Secret Details. The question arises whether or not too many measures of secrecy have been imposed upon the conduct of public affairs in America. A case in point is the extraordinary number of military and diplomatic agreements the U.S. has made in recent years with an assortment of allies and satellites. Many of these treaties in disguise involve a vast expenditure of American money, and could commit the U.S. to aiding other countries if war broke out. More often than not, details of the commitments were kept secret from the American public until disclosed by inquisitive newsmen or equally inquisitive congressional investigators.

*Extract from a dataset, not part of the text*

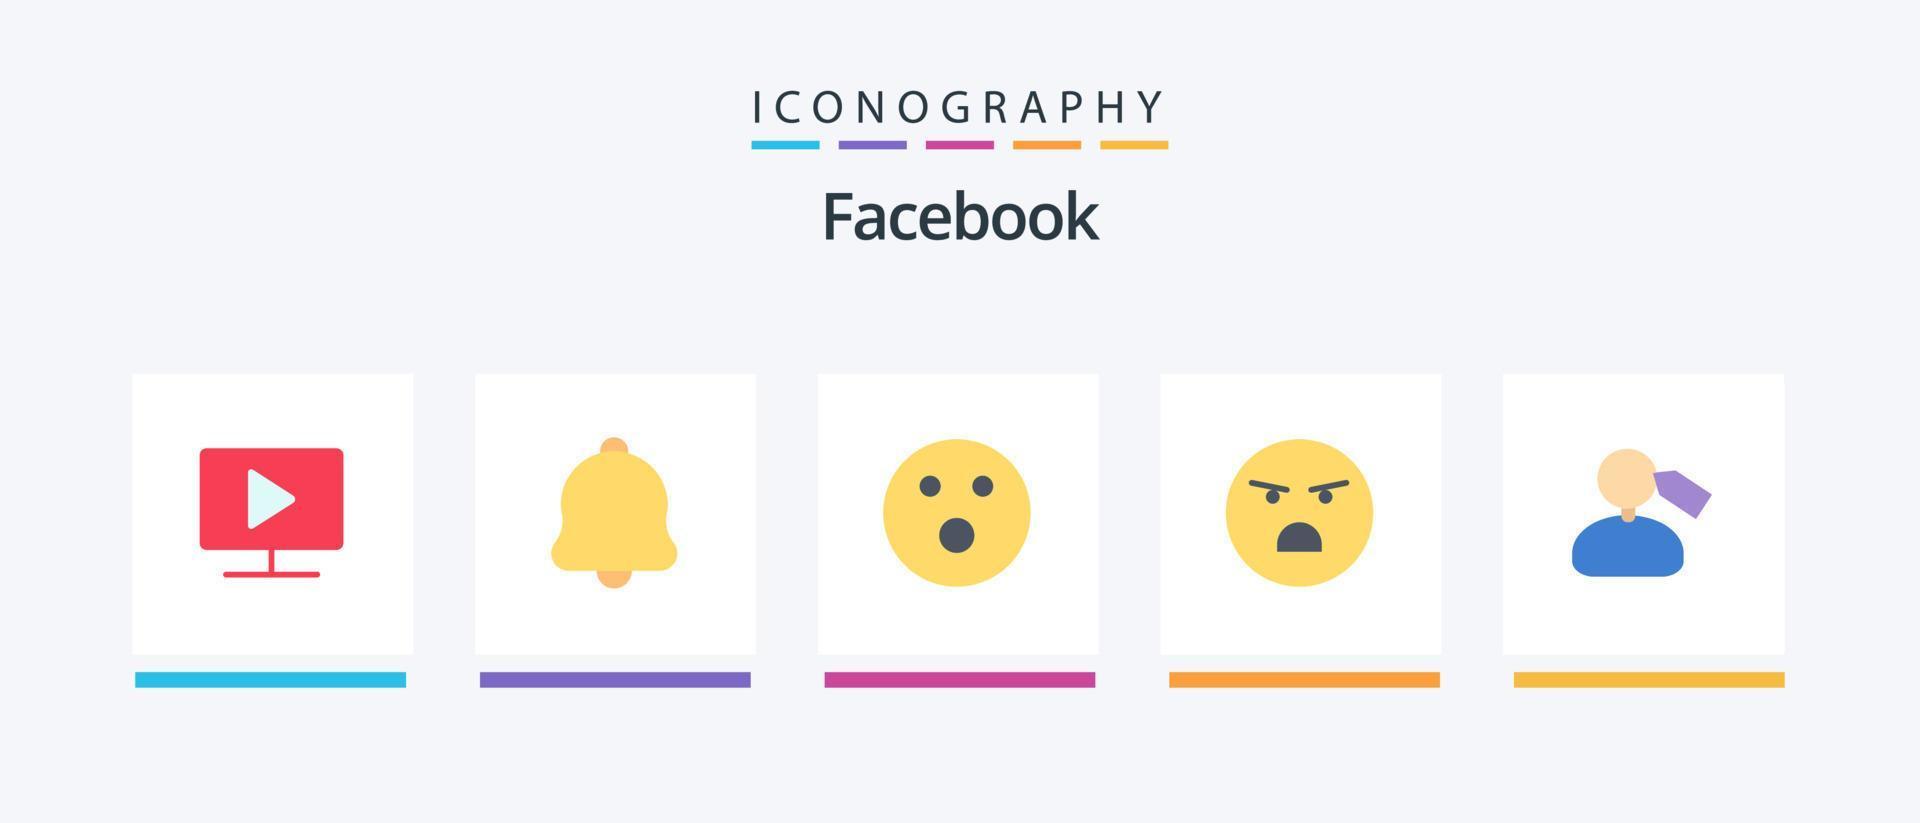 Facebook Flat 5 Icon Pack Including mark. feeling. golfball. faint. emoji. Creative Icons Design vector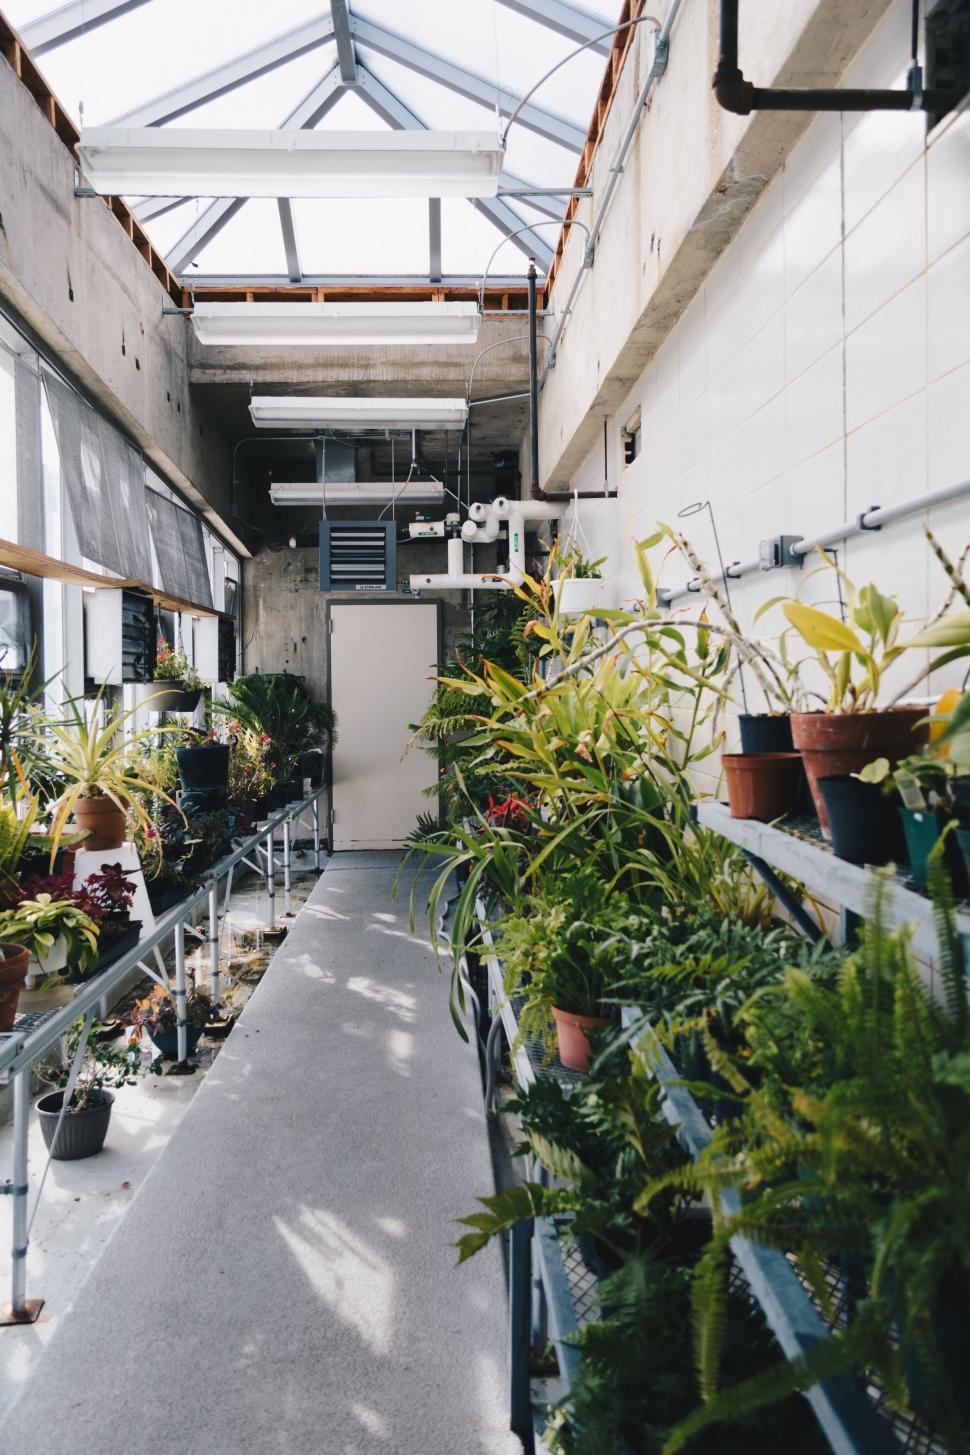 Free Image of Lush Greenhouse Filled With Abundant Plants

Consider Laos. It is no secret any longer that the U.S. is today deeply involved in an undeclared war there, allied with the supposedly neutralist government of Prince Souvanna Phouma against the North Vietnamese and the Pathet Lao. Yet only after Senator Stuart Symington's Foreign Relations Subcommittee looked into the matter, against the wishes of the State Department, did the American public learn in detail how U.S. aircraft based in Thailand were bombing northern Laos, the CIA was guiding the operations of Meo tribesmen, and the U.S. was providing millions in military assistance to Souvanna Phouma—all clear violations of the 1962 Geneva accords on Laotian neutrality.

Among the reasons for secrecy about Laos advanced by Deputy Assistant Secretary of State William Sullivan was that the U.S. wanted to avoid forcing the Russians into taking "official" cognizance of activities about which they knew only unofficially. Plaintively, Senator Symington suggested that the U.S. public had a valid interest in knowing what was going on in Laos, since "we could run into the same kind of escalation as we did in Viet Nam."